Tom Deans has a message that he fervently believes needs to be heard. A best-selling author and speaker – entrepreneur and former family business owner – Deans’ contrarian view that “every family business must always be for sale” resonates with audiences across all industries and geographies.

As he writes in his book Every Family’s Business, 12 Common Sense Questions to Protect Your Wealth, “every business must always be for sale and must ultimately be sold,” whether to family or an outsider. The corollary, which is “making longevity an overriding business objective, will destroy wealth with blinding speed,” he says.

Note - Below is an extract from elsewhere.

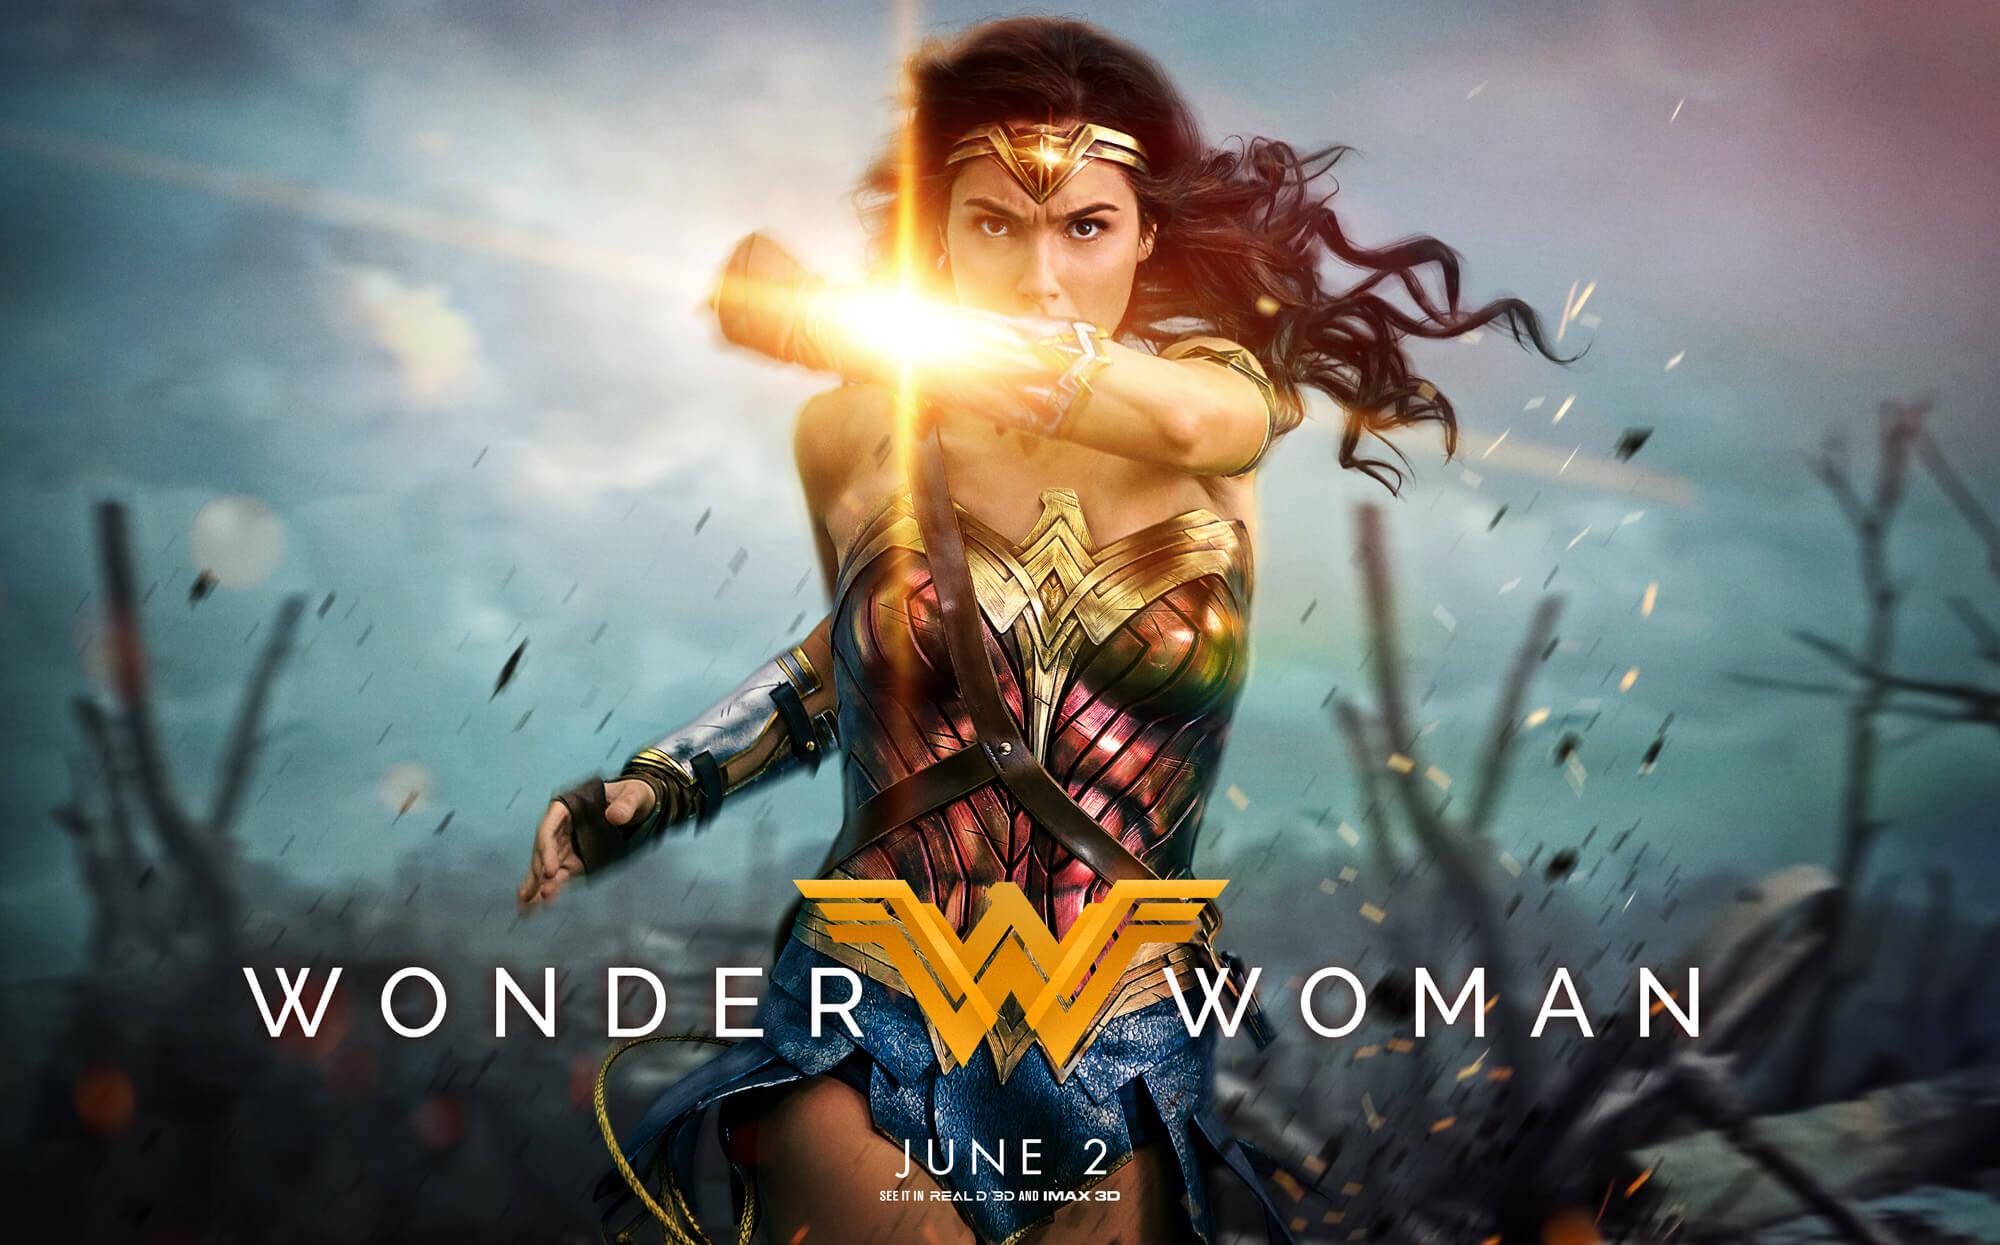 See Gal Gadot Wield Her Lasso In Final 'Wonder Woman' Trailer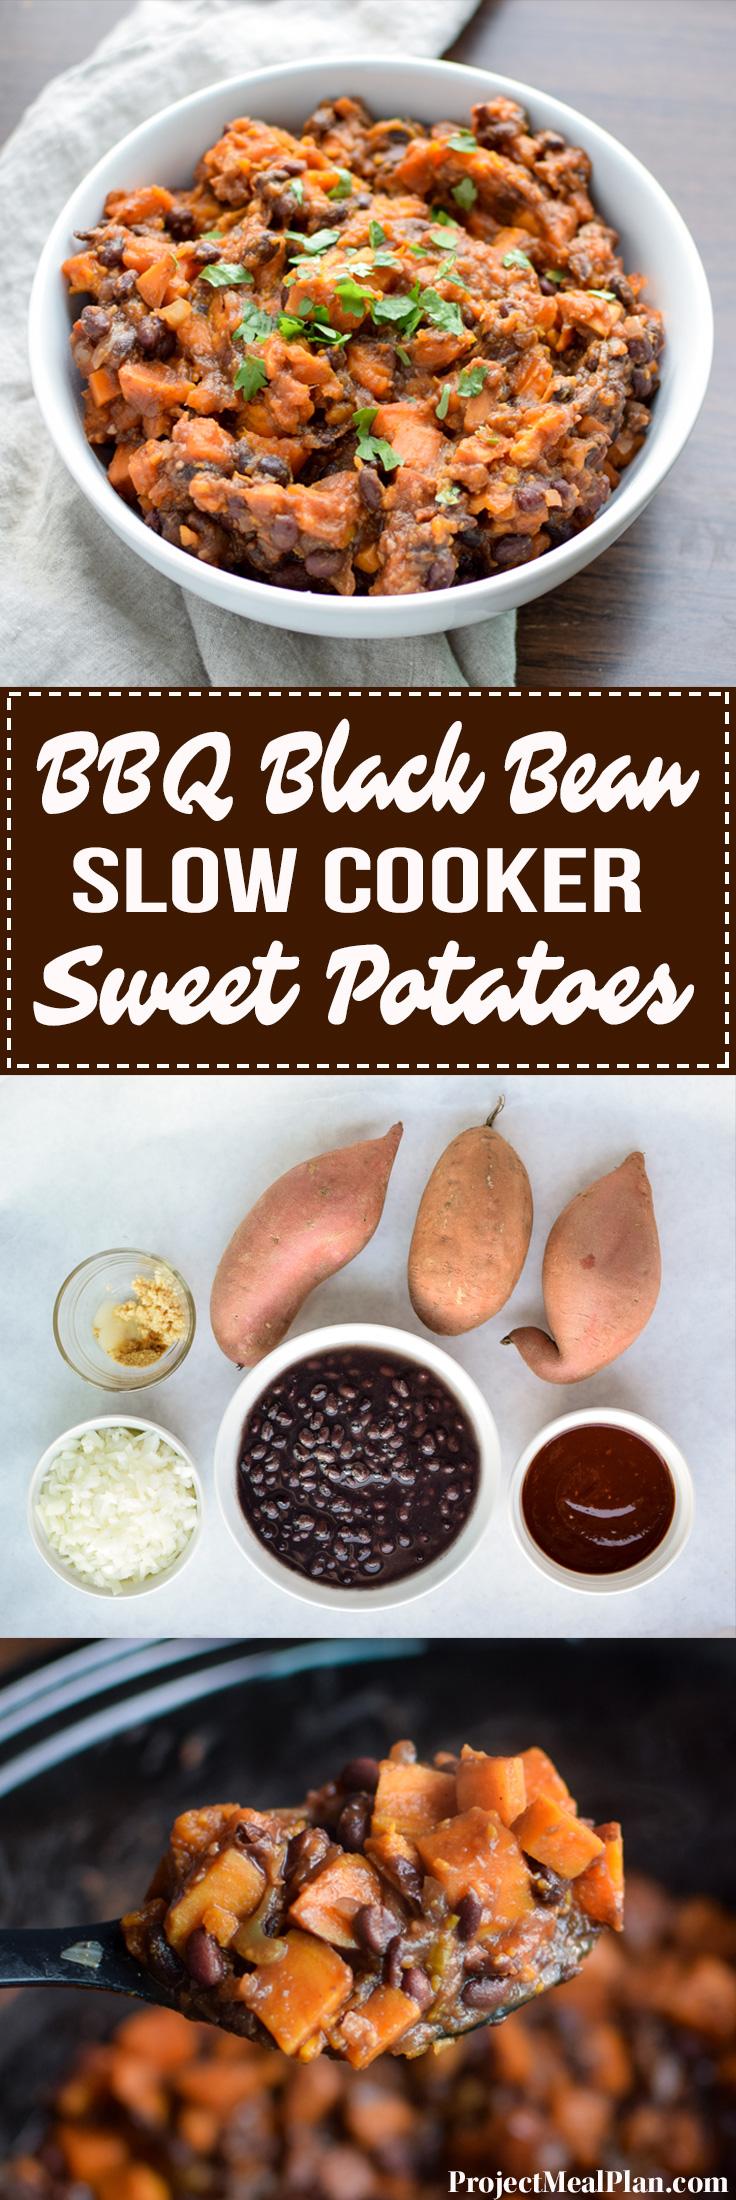 BBQ Black Bean Slow Cooker Sweet Potatoes - Black beans, sweet potatoes, and spicy BBQ sauce. A match made in side dish heaven! - ProjectMealPlan.com

Deans, President of Détente Financial Press, lives in the Hockley Valley area of Ontario. He delivers more than 100 speeches a year in Canada, the US, Europe and South Africa, always making it clear at the outset that he is not a consultant. Rather, Deans, who holds a Ph. D. in public policy, takes readers through a Socratic process “where families mutually answer questions in a trusting, respectful and collaborative way to stay focused on building wealth, and protecting that wealth while keeping family relationships intact.”

Three generations of Deans’ family have run and successfully sold their businesses for a combined value exceeding $100 million. Deans joined his family’s multimillion-dollar plastic business in 1999 as president and CEO and sold it in February 2007 “about 15 minutes ahead of the global economic meltdown.” It wasn’t that he was so smart that he saw the looming recession, he says, but rather that he adhered to the concepts outlined in his books.

As to the content of his subsequent book, Willing Wisdom:7 Questions Successful Families Ask, Deans notes that more than 125 million adults in Canada and the US have no will. Further, most adults who do have one, never discuss its contents with intended beneficiaries. This is illustrative, he says, “of the bizarre cultural fact that we keep our greatest gifts secret from those we love and intend to support.” He believes “it’s the conversations that proceed the giving that are the gift and create extraordinary, beneficial family dynamics.”

Greatest job on the planet As with so many entrepreneurs, once Deans sold his business he was at a crossroads. “I had to make a personal decision,” he recalls. Should he continue in manufacturing where he had a track record of success, or “share my own and my family’s experience and insight into family business and turn from extracting to contributing?”

His decision to use his knowledge to become a thought leader on the subject of inter-generational wealth transfer led to what he now regards as “the greatest job on the planet.” During his speeches he’s “not selling anything except my ideas, as the event planner has already bought my book(s) and so people in the audience hear me differently.”

Not only is Deans’ career rewarding in terms of his public speaking and book sales, he finds it “fulfilling as people share their phenomenal stories, the chaos and the heartbreak in their own families about the intersection of money, relationships, power and control, and their subsequent gratefulness for a glimpse of a resolution to what can feel like impossible problems.”

Courage to be different One of Deans’ hallmarks, and his appeal, is that he calls it like he sees it. He doesn’t mince words. Entrepreneurship, he says, “is the courage to be different.”

“Entrepreneurship is the courage to be different.”

So whether it is a different product or service, a different way of distributing your product, or an audacious brand, says Deans, “the more different and unique and contrarian it is, the improved probability the world will take notice as courage is a value that people put a premium on.” Often success, he believes, really requires more courage than work. As example, Deans is not a lawyer, but he wrote a book on wills.

For Deans, and he believes, for many entrepreneurs “the lure of money, the promise of riches will propel you only so far. There is surplus in the world and operating as an entrepreneur from a place of gratitude for that surplus is perhaps the most important quality of the business model.”